Private Sector Adds 58,000 Jobs; Layoffs Slow
U.S. private employers likely added 58,000 jobs in September, in line with expectations, a report by a private employment service said on Wednesday.
ADP Employer Services, whose employment report was jointly developed with Macroeconomic Advisers LLC, said it revised down to 27,000 from 38,000 the number of jobs created in August.
The consensus estimate of 26 economists surveyed by Reuters was for the ADP report to show 58,000 new private sector jobs in September.
"This month's ADP National Employment Report was the third consecutive weak reading and confirms the recent deceleration of employment," said Joel Prakken, Chairman of acroeconomic Advisers.
Government bonds were little moved by the report, which is released each month, two days prior to the government's own job survey.
In September, employment in the construction sector fell by 20,000, the 12th decline in thirteen months, bringing the cumulative decline since August of 2006 to 157,000, the report showed.
The report also showed that employment in the financial sector dropped by 7,000 in September, the second consecutive monthly decline after nearly six years of uninterrupted growth.
These are the two sectors of the economy hit hardest by the turmoil in credit markets, stemming from subprime mortgage problems and the slump in the housing sector.
Layoffs Fall Nearly 10%
A separate survey by Challenger, Gray & Christmas showed planned U.S. lay-offs fell 9.7 percent to 71,739 in September. They were 28.5% lower than September 2006, when employers announced 100,315 job cuts, one of only two times last year when monthly job cuts exceeded 100,000.
Year to date, employers have announced 587,594 job cuts, 8.1% fewer than the 639,229 cuts announced in the same period a year ago.
Housing-related job cuts in the financial, construction and real estate sectors account for 97,509 or 16.6% of this year's job cuts. In contrast, these three sectors represented less than 2% of the January-through-September job-cut total in 2006.
"It appears that the automotive sector has stabilized for the time being, particularly since General Motors and the United Auto Workers reached a labor agreement. Meanwhile, financial firms cannot cut their payrolls fast enough, especially in the mortgage lending sector," said John A. Challenger, chief executive officer of Challenger, Gray & Christmas.

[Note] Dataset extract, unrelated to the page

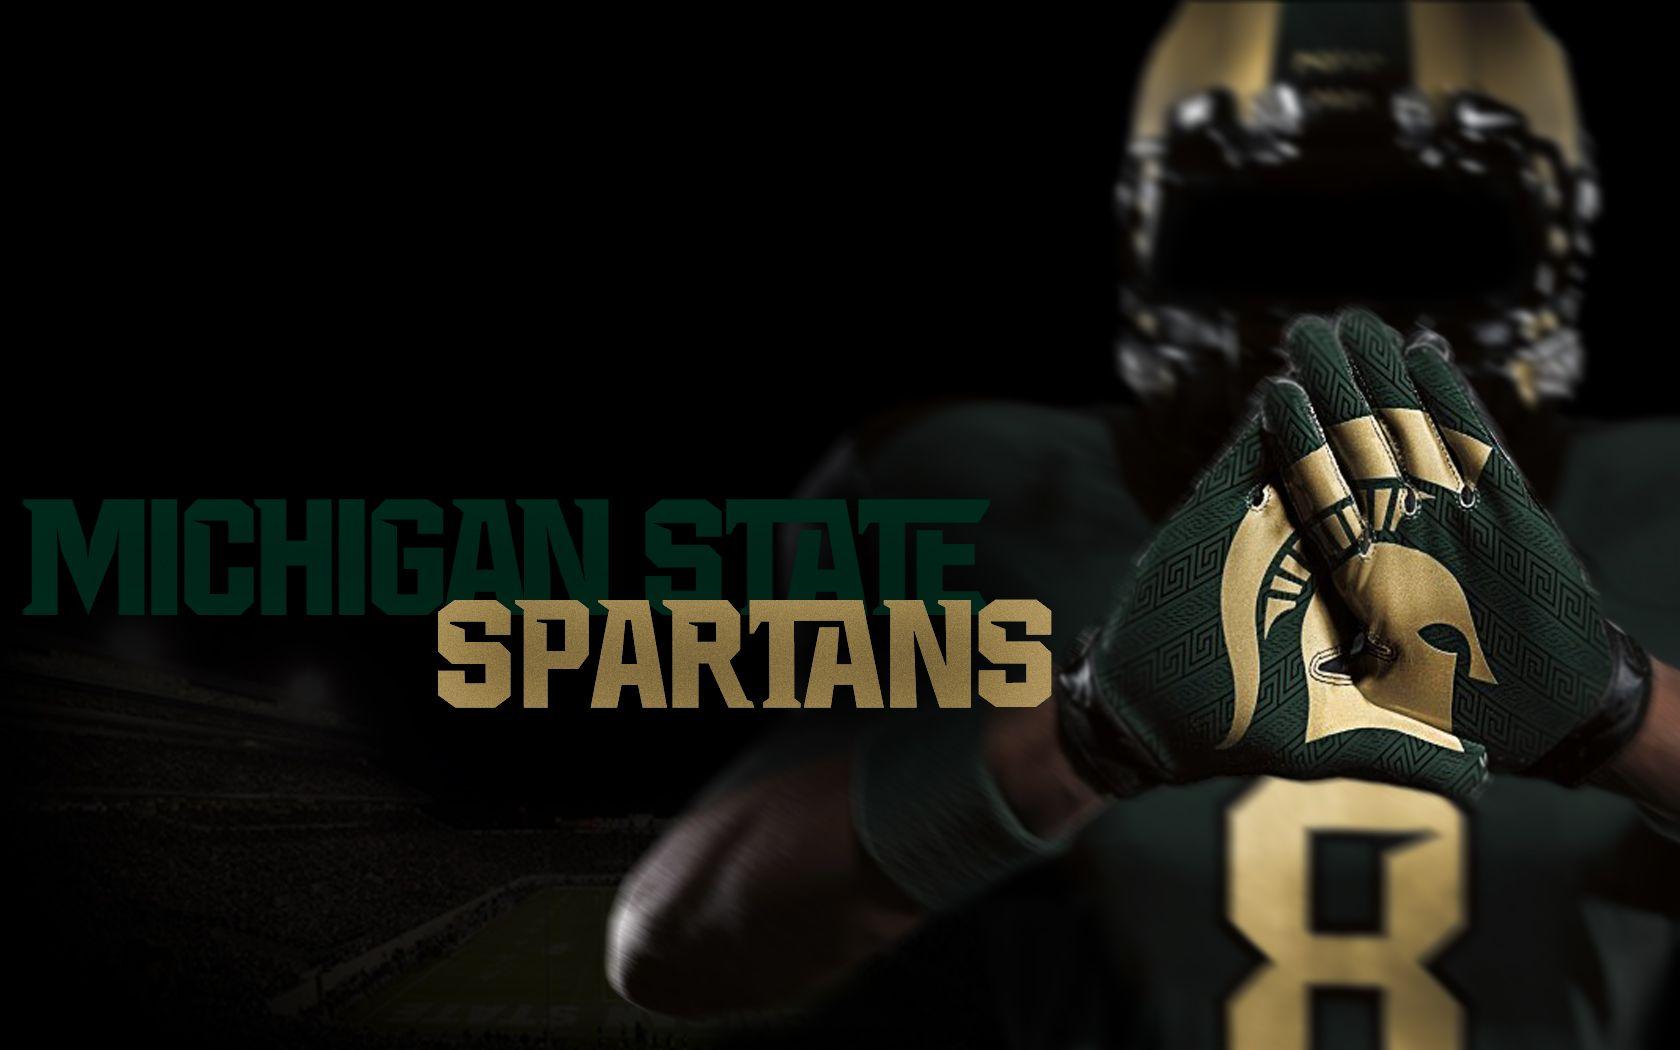 Michigan State Computer Wallpapers

According to the latest Reuters poll of economists, the U.S. Labor Department on Friday is expected to show that 94,000 non-farm payroll jobs were created in September after shedding 4,000 jobs in August, the first contraction in four years.
Automatic Data Processing, based in Roseland, New Jersey, is the parent of ADP Employer Services and is a large payroll services company. Macroeconomic Advisers LLC is based in St. Louis, Missouri.